**PROBLEM REQUIREMENTS**:
Skip every image and restate the data word for word.

**DATASET EXTRACT**:
________________________
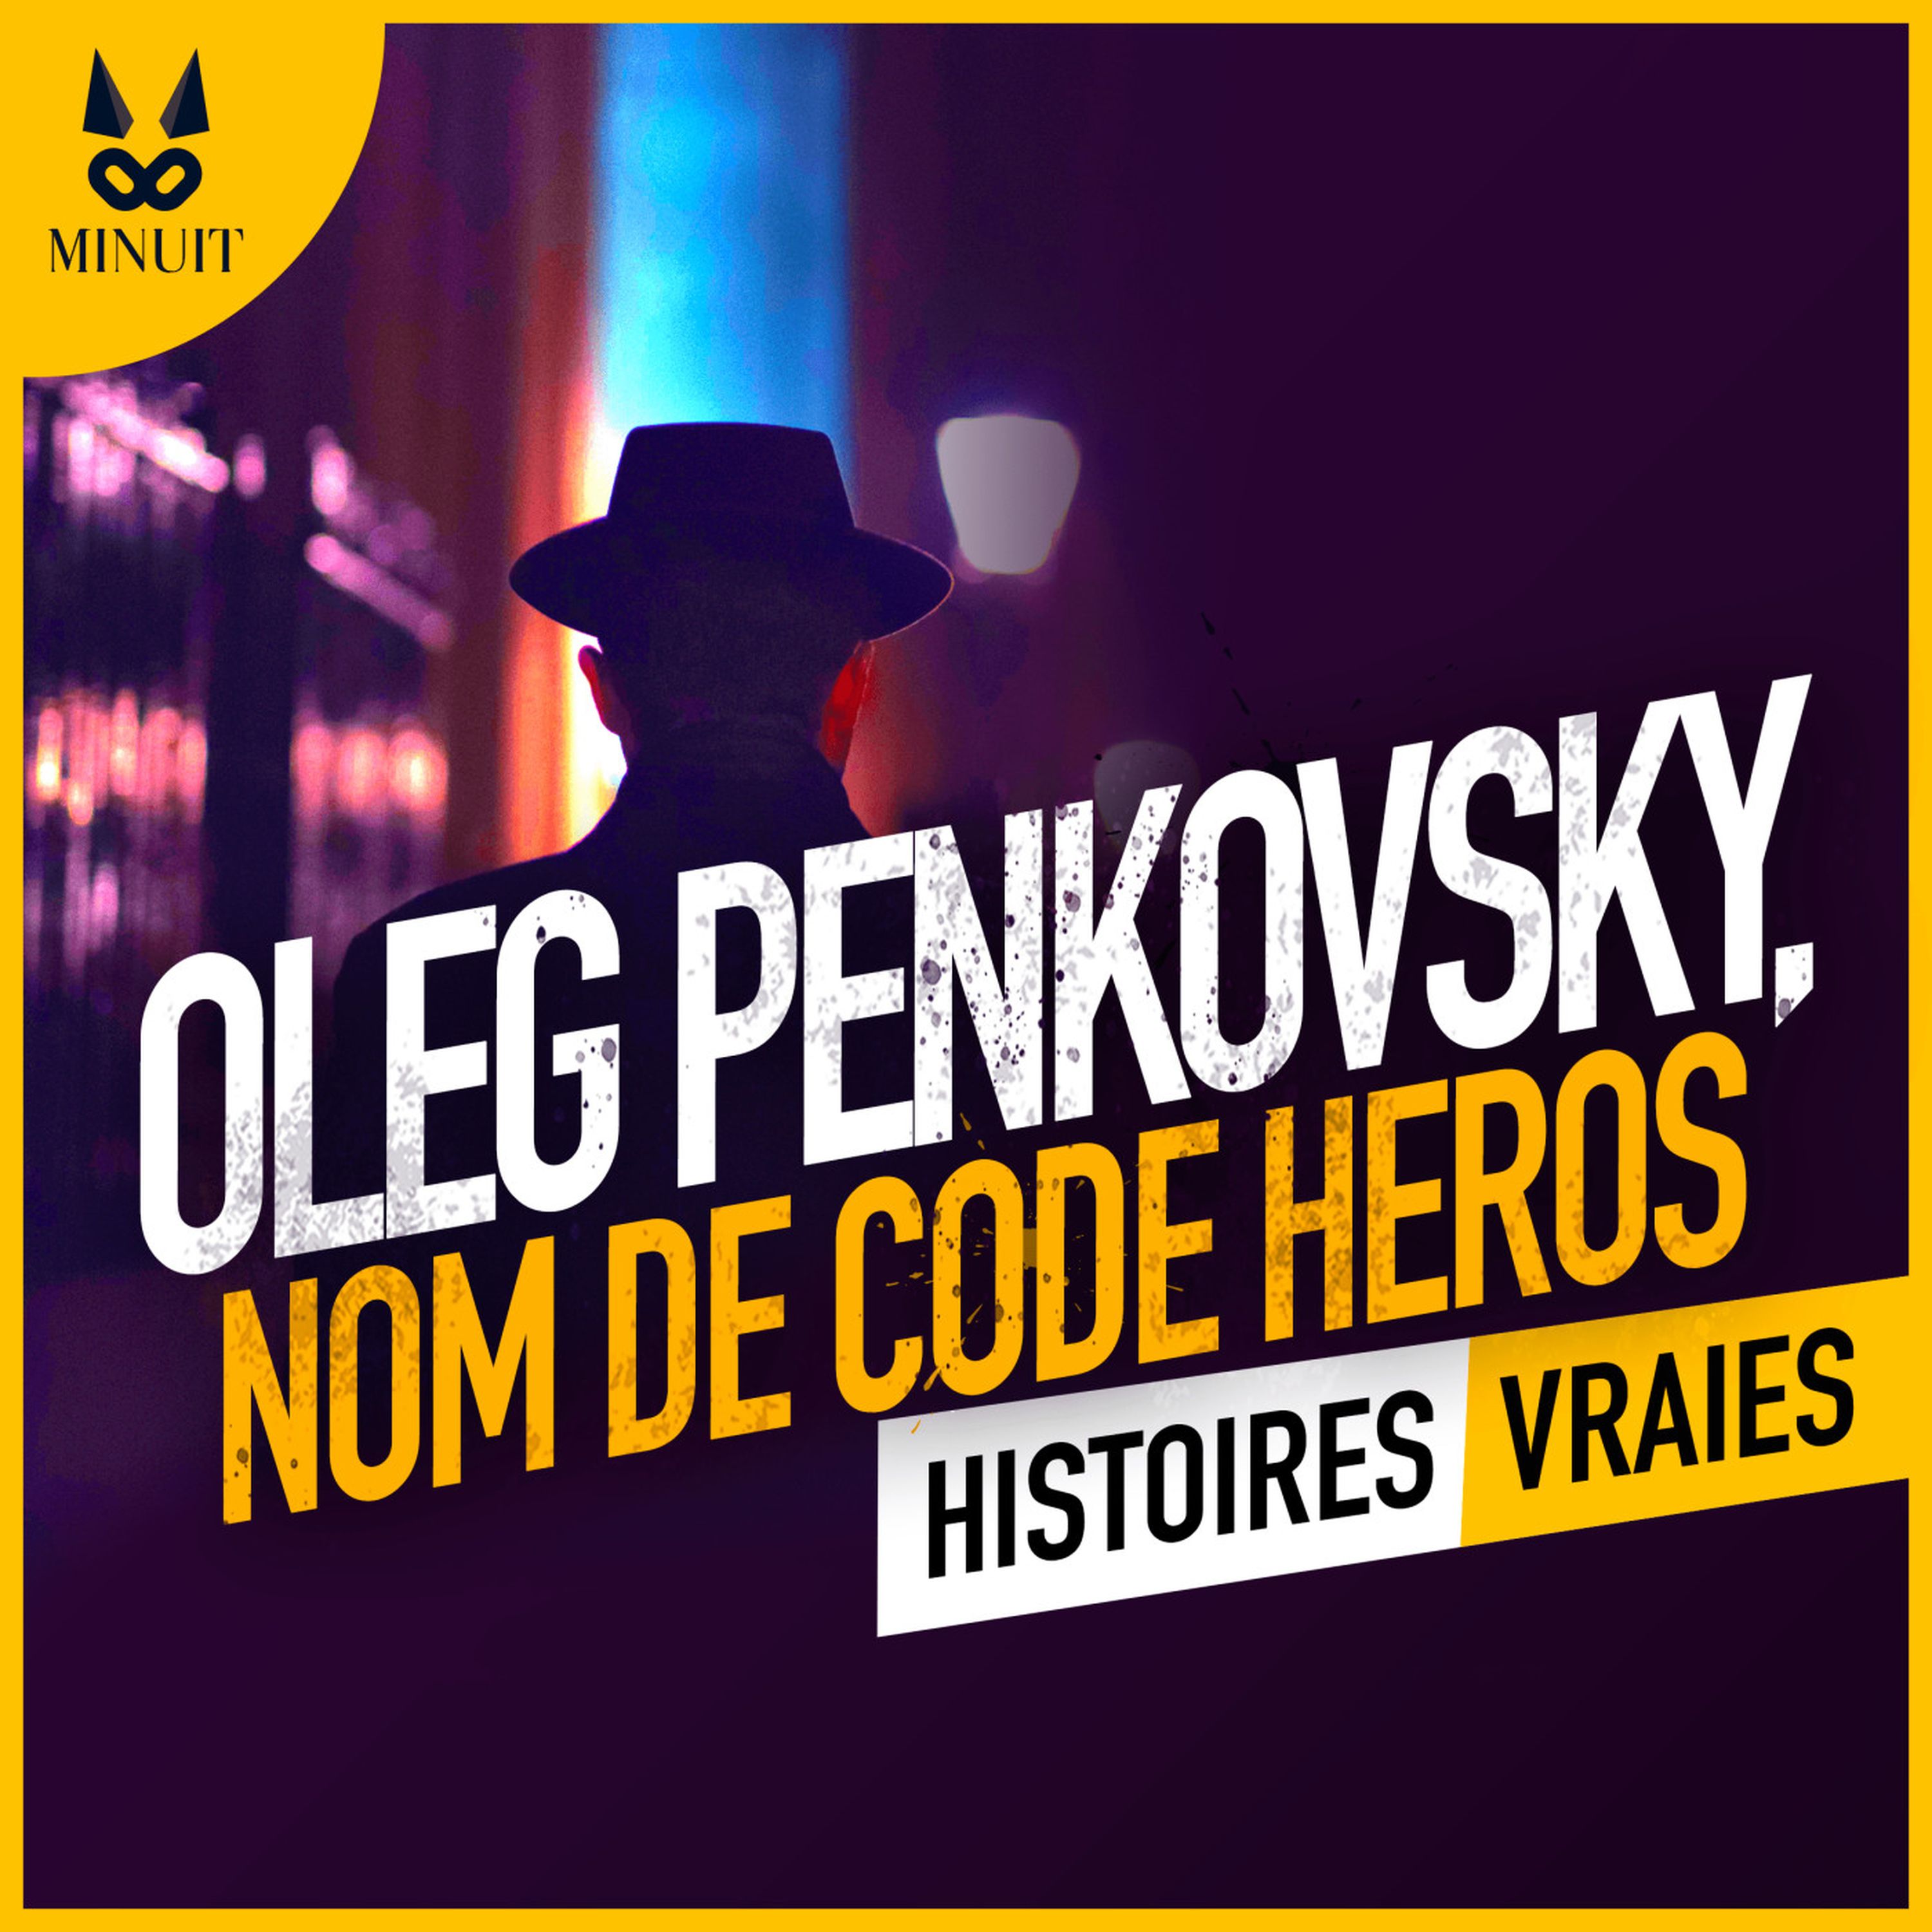 Oleg Penkovsky : nom de code Héros
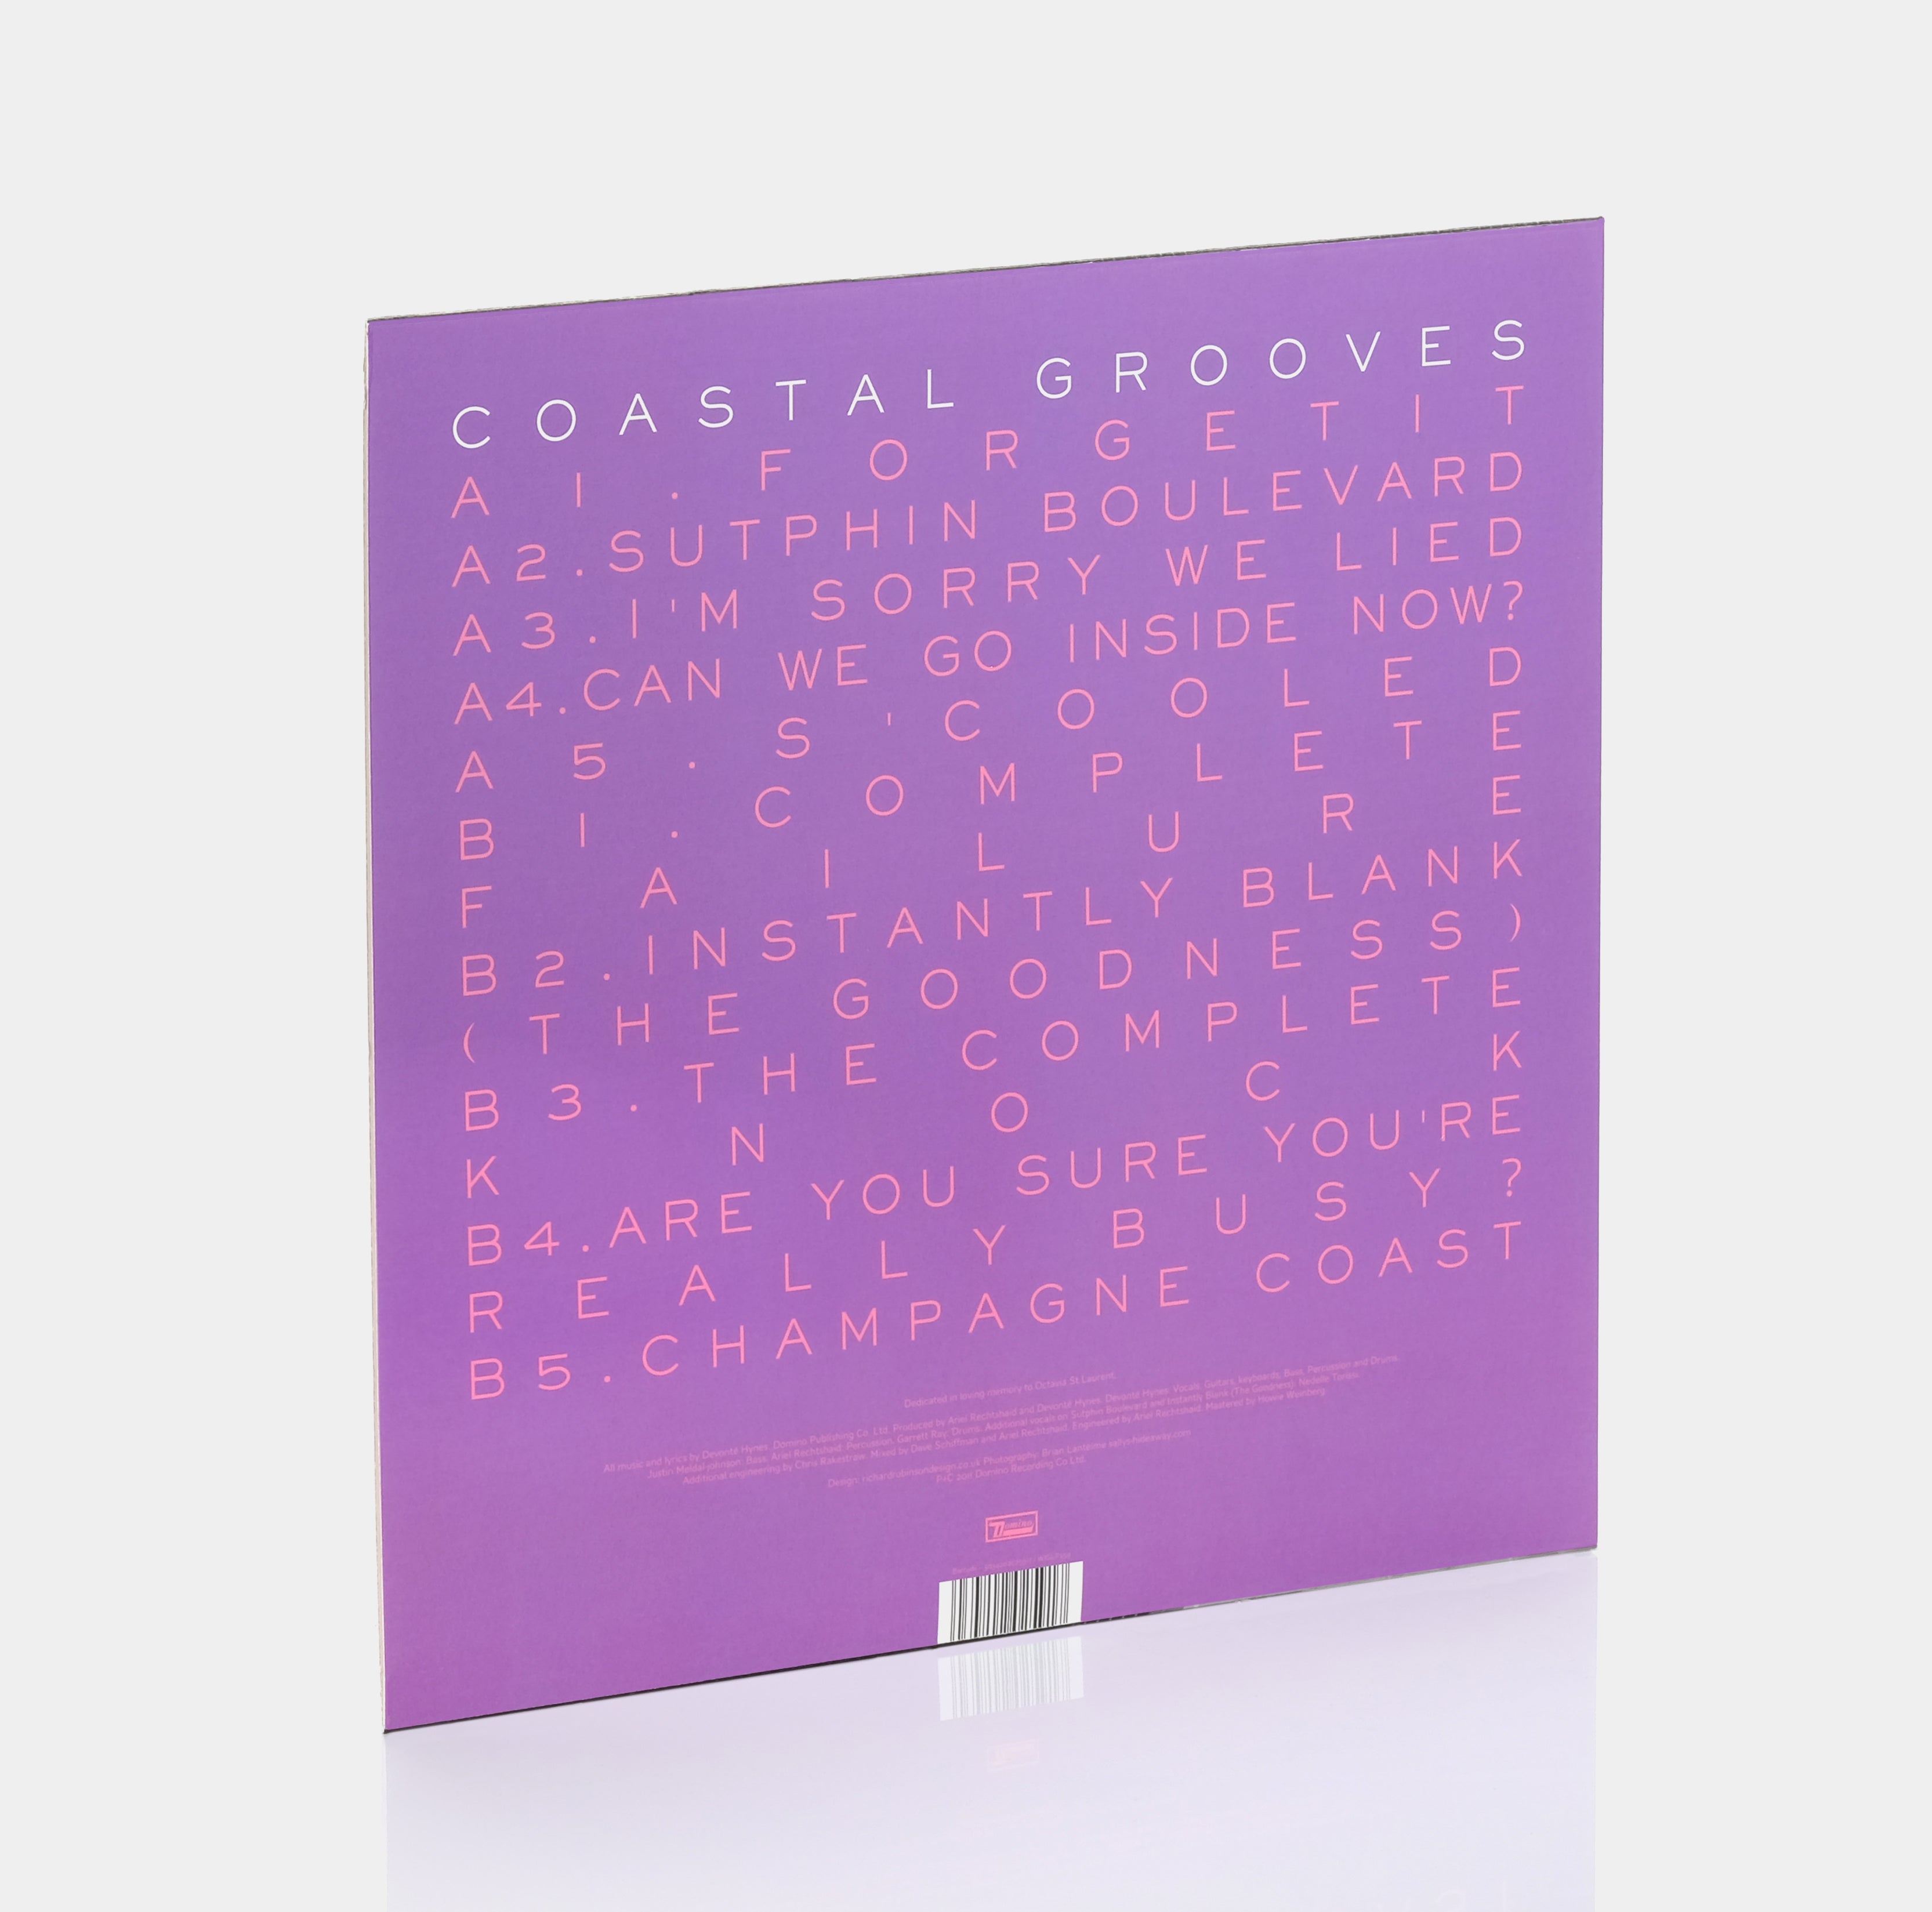 Blood Orange - Coastal Grooves LP Vinyl Record
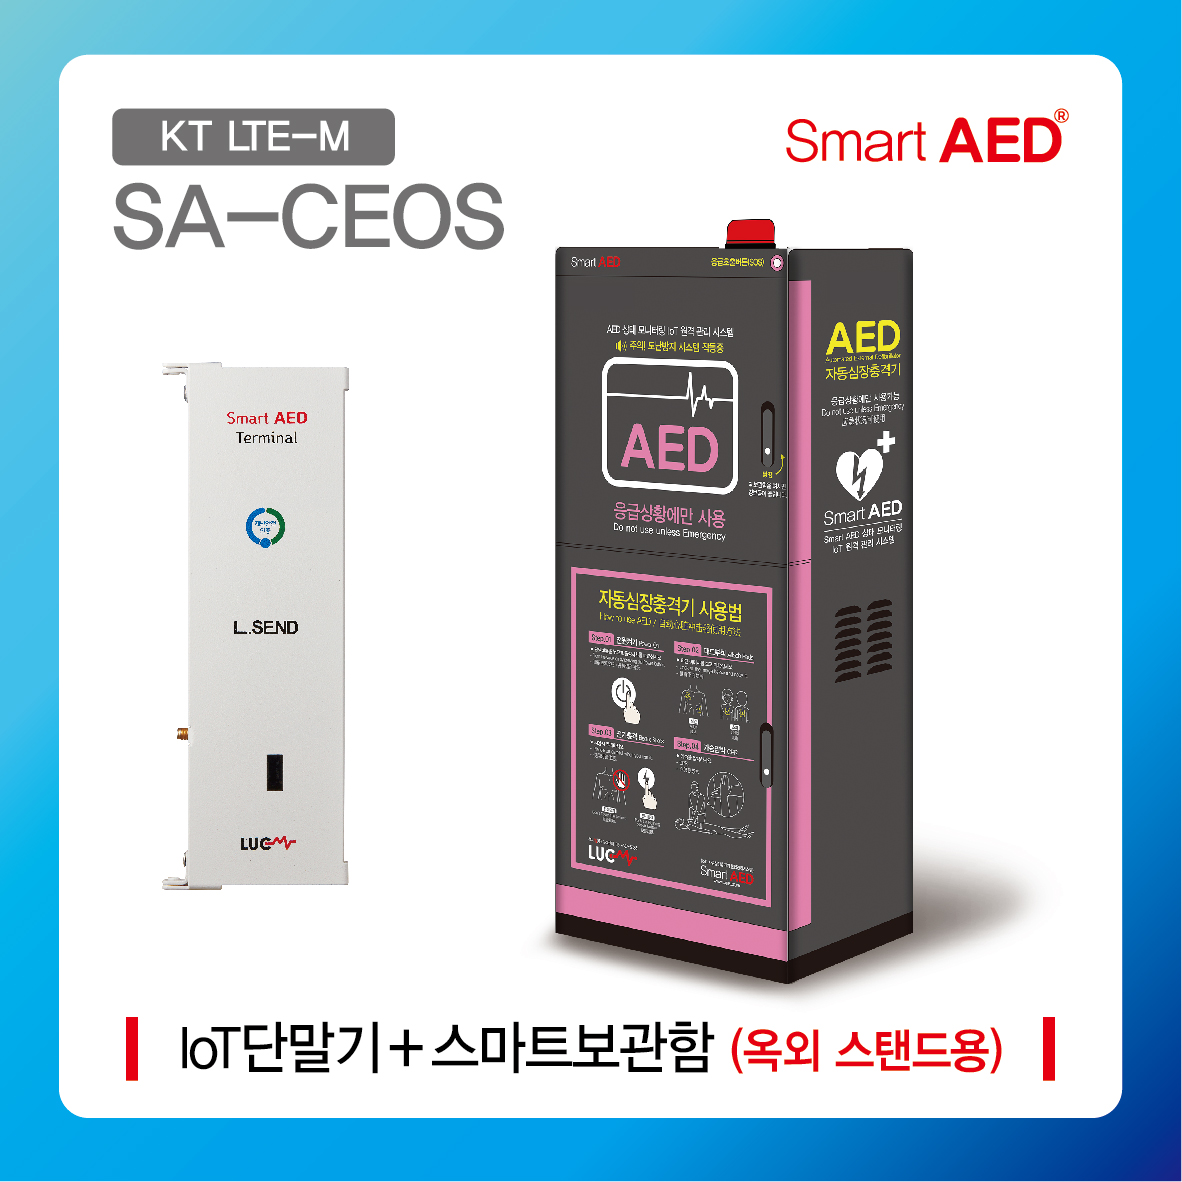 [ SA-CEOS ] 스마트 AED 통합모니터링 장치 및 플랫폼
________________________
**SOLVED EXERCISE**:
 Oleg Penkovsky : nom de code Héros
 Blood Orange - Coastal Grooves LP Vinyl Record
 [ SA-CEOS ] 스마트 AED 통합모니터링 장치 및 플랫폼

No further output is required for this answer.